Sunday, April 5, 2009

25 Random Things About Gossip

1. The word "gossip" comes from the Old English godsibb "godparent," from God + sibb "relative". Extended in M.E. to "any familiar acquaintance" (1362), especially to woman friends invited to attend a birth, later to "anyone engaging in familiar or idle talk" (1566). The verb meaning "to talk idly about the affairs of others" dates from 1627.

2. According to the Folklore Encyclopedia, "gossip is a speech act in which people make sense of their world by providing a charter for belief in the moral character of known social actors. Unlike rumor or other forms of hearsay, most gossip is not assumed to be false; rather, its defining feature is that its target is not present while moral judgments are made."

3. Gossip Girl is a wildly popular series of novels for teenagers created by Cecily von Ziegesar, which has been adapted into a hit TV series. Feminist Naomi Wolf has called the books "corruption with a cute overlay," claiming their frank sexuality is "blasé and entirely commodified." The audience doesn't really seem to mind.

4. In 2006, leading Islamic clerics in Indonesia forbade Muslims from watching, making or broadcasting television gossip shows, warning: “The Koran strongly forbids any gossip-related activities and [gossiping] people could end up in hell."

5. This scene over the west door of the Church of St. Foy in Conques, France depicts a gossip having his tongue removed by a demon in Hell...

6. According to the Old Testament, when Miriam the Prophetess and Moses's brother Aaron "spoke against Moses because of the Cushite woman whom he had married" God punished Miriam with leprosy.

7. According to evolutionary psychologists, gossip fosters a sense of community with shared interests and information, builds structures of social accountability, furthers mutual social grooming, and provides a mating tool that allows women to mutually identify socially desirable men.

8. In 2006, Don't Date Him Girl,a website that "allows women to post trashy stuff about men they think have cheated on them, as a warning to other women," was sued by Pittsburgh criminal defense attorney Todd Hollis, who had been profiled on the site. One woman wrote that he had herpes, another alleged he was gay. The lawsuit was dismissed in Pennsylvania for a lack of jurisdiction. A second lawsuit filed in federal court in Florida was dismissed after both parties reached an agreement.
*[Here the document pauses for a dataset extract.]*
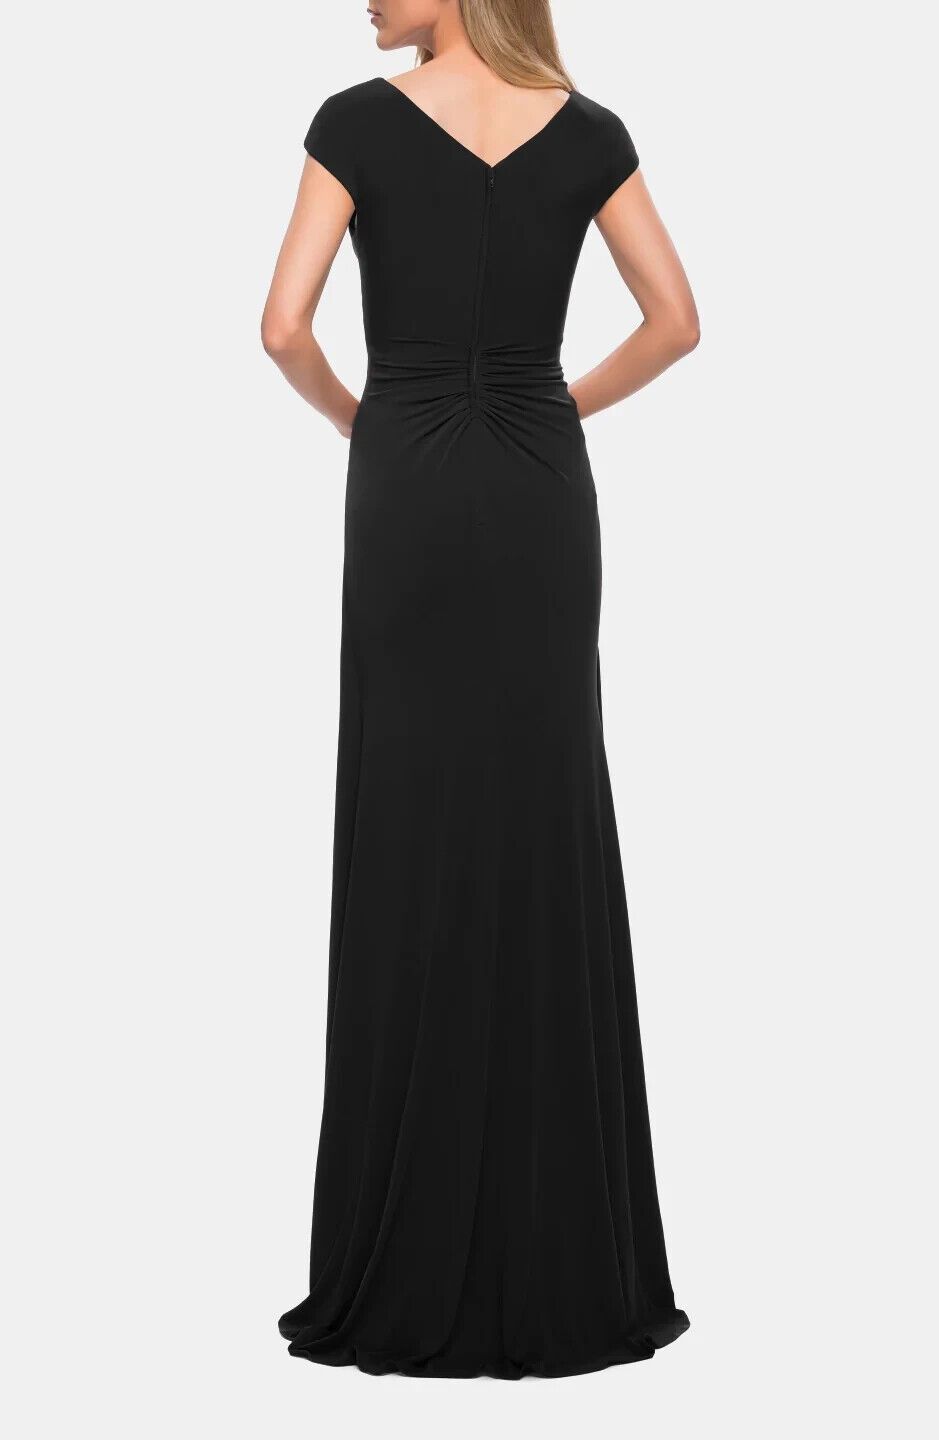 La Femme Size 10 Prom Off The Shoulder Black A-line Dress on Queenly

9. Lisa Schwappach-Shirriff, curator of San Jose, California's Rosicrucian Egyptian Museum, recently uncovered a tablet containing the first-known instance of gay gossip: a 5,000-year-old text describing an unidentified king often visiting the home of one of his generals at night. Schwappach-Shirriff says the repeated use of the phrase "in whose home there was no wife" suggests the king was having a gay affair.

10. Peter Vajda, Ph.D, C.P.C., founding partner of SpiritHeart, an Atlanta-based company that supports conscious living through coaching, counseling and facilitating, identifies gossip as a form of workplace violence, noting that it is "essentially a form of attack."
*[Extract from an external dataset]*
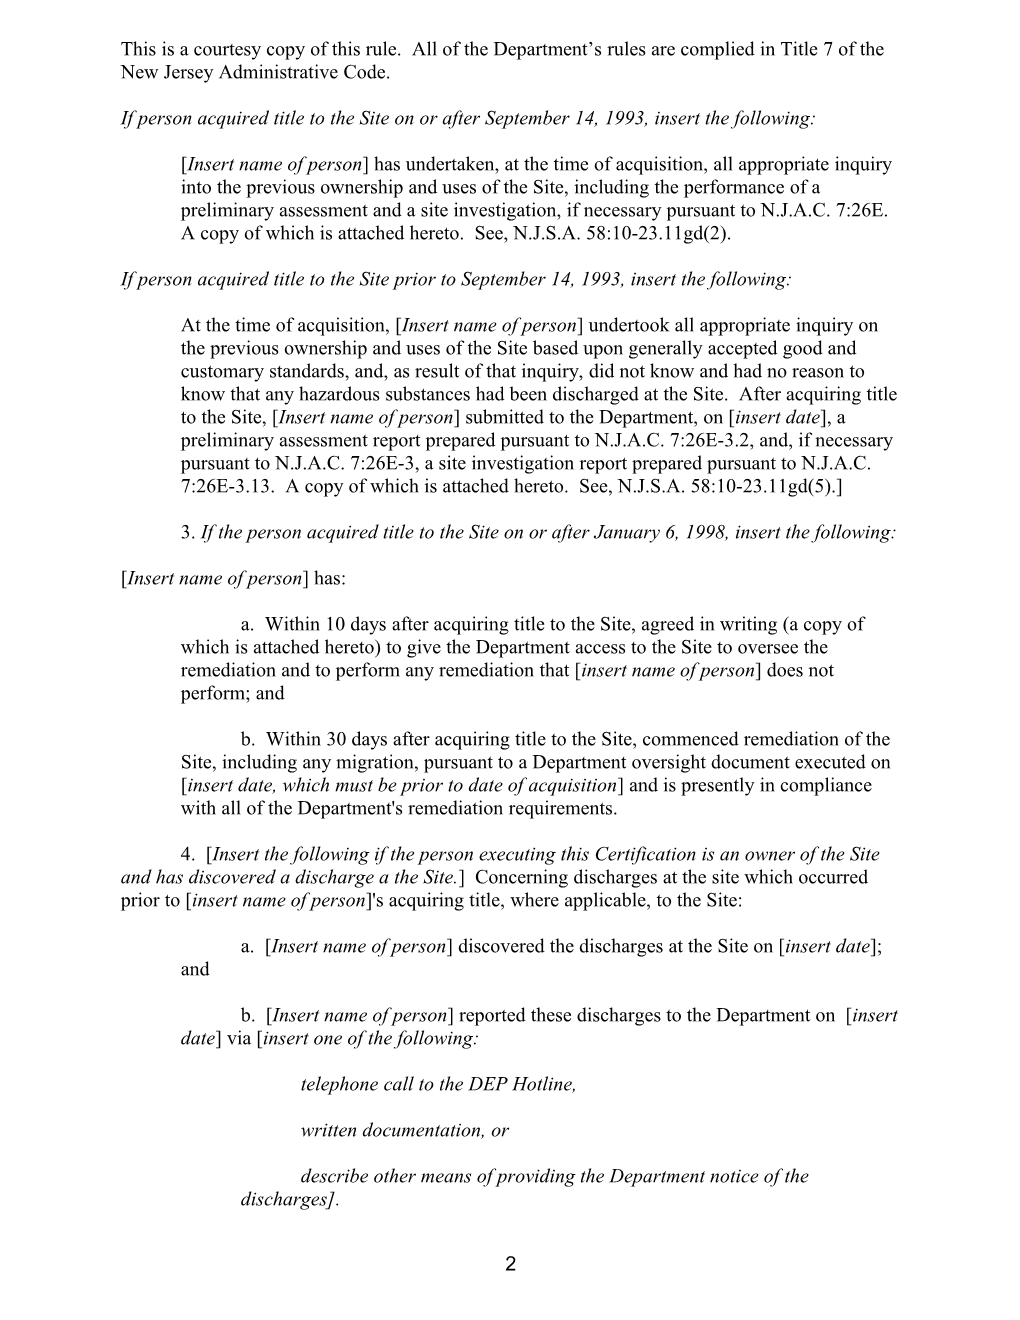 Appendix D: Developer Certification - N.J.A.C. 7:26C Department Oversight of the Remediation

11. A study by the Institute of Health Sciences in the UK found that "organisational change in its many manifestations provides a trigger for gossip," and that "gossip is used as a sensemaking strategy, a way of communicating and managing emotion, a mechanism for coping with uncertainty, and a means of sabotage and resistance."

12. Andrew Jackson maintained that gossip killed his wife Rachel.

13. "Careless Whisper" is a 1984 single by Wham! It reached number one in nearly twenty-five countries, selling over six million copies worldwide, ranking as one of the most successful songs of the 1980s. In 2006 it was voted sixth-favorite break-up song in Britain. It has been covered by Bananarama, Kenny G, the Boston Pops Orchestra, Delight, Farhad Besharati, Gloria Gaynor, Julio Iglesias, the Royal Philharmonic Orchestra, Slinkee Minx, The Shadows, Pedro Fernandez (whose Spanish cover version is called "Absurda Confidencia"), Seether, and Barry Manilow, among legions of others.

14. The Gossip (who have also covered "Careless Whisper") are a three-piece American indie rock band from Olympia Washington. Their 2006 album Standing in the Way of Control went Gold in the UK.

15. Perez Hilton's real name is Mario Armando Lavandeira, Jr.

16. Liz Smith, the legendary gossip columnist who was fired from the New York Post in February, recently complained to CNN's Howard Kurtz: "I think the real problem is that there is no control on the way people gossip now. There are no editors, publishers, lawyers aren't -- the Internet is just wild. So these kids who are running or Perez Hilton, they are very clever and they deserve a lot of credit for making fabulous careers for themselves. But I don't believe a word any of them write."

17. The introduction of the "grapevine telegraph" in the mid-1840s gave Americans a more efficient way to gossip. Booker T. Washington marveled at how rapidly slaves in the South got news about the abolition movement, Lincoln's campaign for the presidency, and the Civil War through the "grape-vine telegraph."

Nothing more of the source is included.